The automatic obstacle avoidance of the AGV car mainly relies on the obstacle avoidance sensor and the obstacle avoidance control algorithm. Therefore, when the AGV is small and cannot automatically avoid obstacles, the fault problem we have to consider is the obstacle avoidance sensor and algorithm. The following are the Analysis of the failure causes that some AGVs cannot automatically avoid obstacles:

1. Sensor failure
In principle, no sensor is perfect. For example, the AGV car is in front of a piece of completely transparent glass. If infrared, lidar or vision solutions are used, the detection may fail because the light directly passes through the glass. need ultrasonic sensors
to detect obstacles. Therefore, in the process of real application, we definitely need to adopt a combination of various sensors, conduct a cross-validation of the data collected by different sensors, and integrate information to ensure that the AGV car can work stably and reliably.

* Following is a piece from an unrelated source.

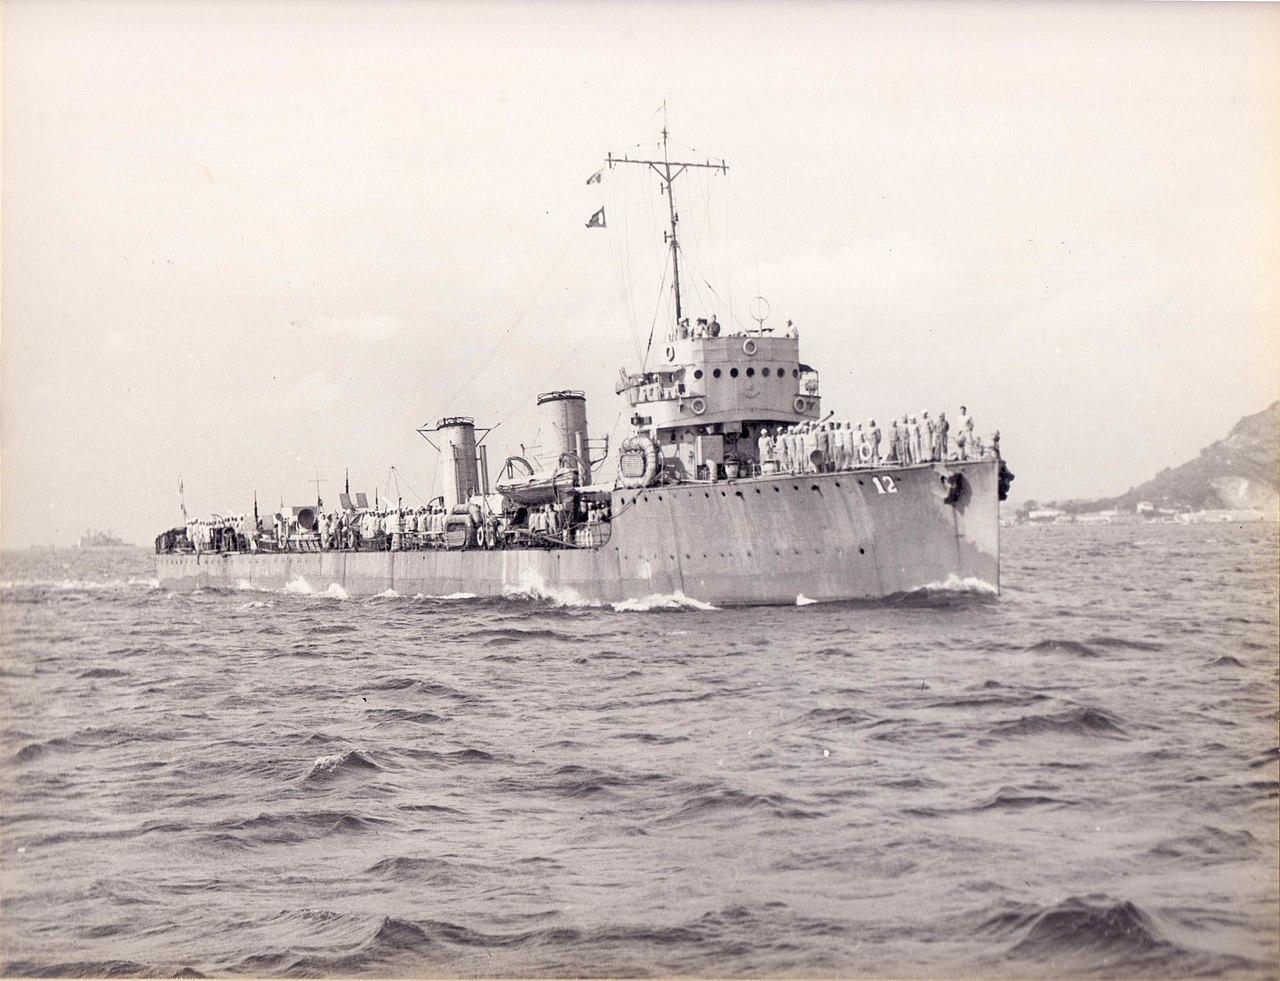 Brazilian destroyer Maranhão

In addition, there are other modes that may cause the sensor to fail, such as ultrasonic ranging, which generally requires an ultrasonic array. If the sensors between the arrays work at the same time, they will easily interfere with each other. The light waves emitted by sensor A are reflected back and received by sensor B. , resulting in errors in the measurement results, but if you work in sequence one by one, because the sampling period of the ultrasonic sensor is relatively long, it will slow down the speed of the entire acquisition and affect real-time obstacle avoidance, which requires the structure of the hardware to the algorithm. All must be designed to increase the sampling speed as much as possible and reduce the crosstalk between the sensors.
For example, if the AGV car needs to move, it generally needs a motor and a driver. They will have capacitive compatibility problems during their work, which may lead to errors in sensor acquisition, especially for analog sensors. Therefore, in the implementation of In the process, the motor driver and other equipment, the acquisition part of the sensor, and the power communication part should be kept isolated to ensure that the entire system can work normally.

2. Algorithm design
In the several algorithms just mentioned, many of them did not fully consider the kinematic model and dynamic model of the entire AGV car itself in the design. The trajectory planned by such an algorithm may not be kinematically realized. It may be possible to achieve kinematics, but it is very difficult to control. For example, if the chassis of an AGV car is the structure of a car, it cannot be turned on the spot, or even if the AGV car can be turned on the spot. , But if we make a big maneuver all at once, our entire motor cannot be executed. Therefore, when designing, it is necessary to optimize the structure and control of the AGV car itself, and when designing an obstacle avoidance scheme, the feasibility problem must also be considered.
Then when designing the architecture of the entire algorithm, we must consider that in order to avoid or avoid hurting people or hurting the AGV car itself, when performing work, obstacle avoidance is a relatively high priority task, or even a task, and its own The priority of operation and the control of the AGV car are also given priority. At the same time, the algorithm must be implemented fast enough to meet our real-time requirements.
In short, obstacle avoidance can be regarded as a special case of AGV car in autonomous navigation planning to a certain extent. Compared with the overall global navigation, it has higher requirements for real-time and reliability, and then, locality and dynamic. Sexuality is one of its characteristics, which we must pay attention to when designing the hardware and software architecture of the entire AGV car.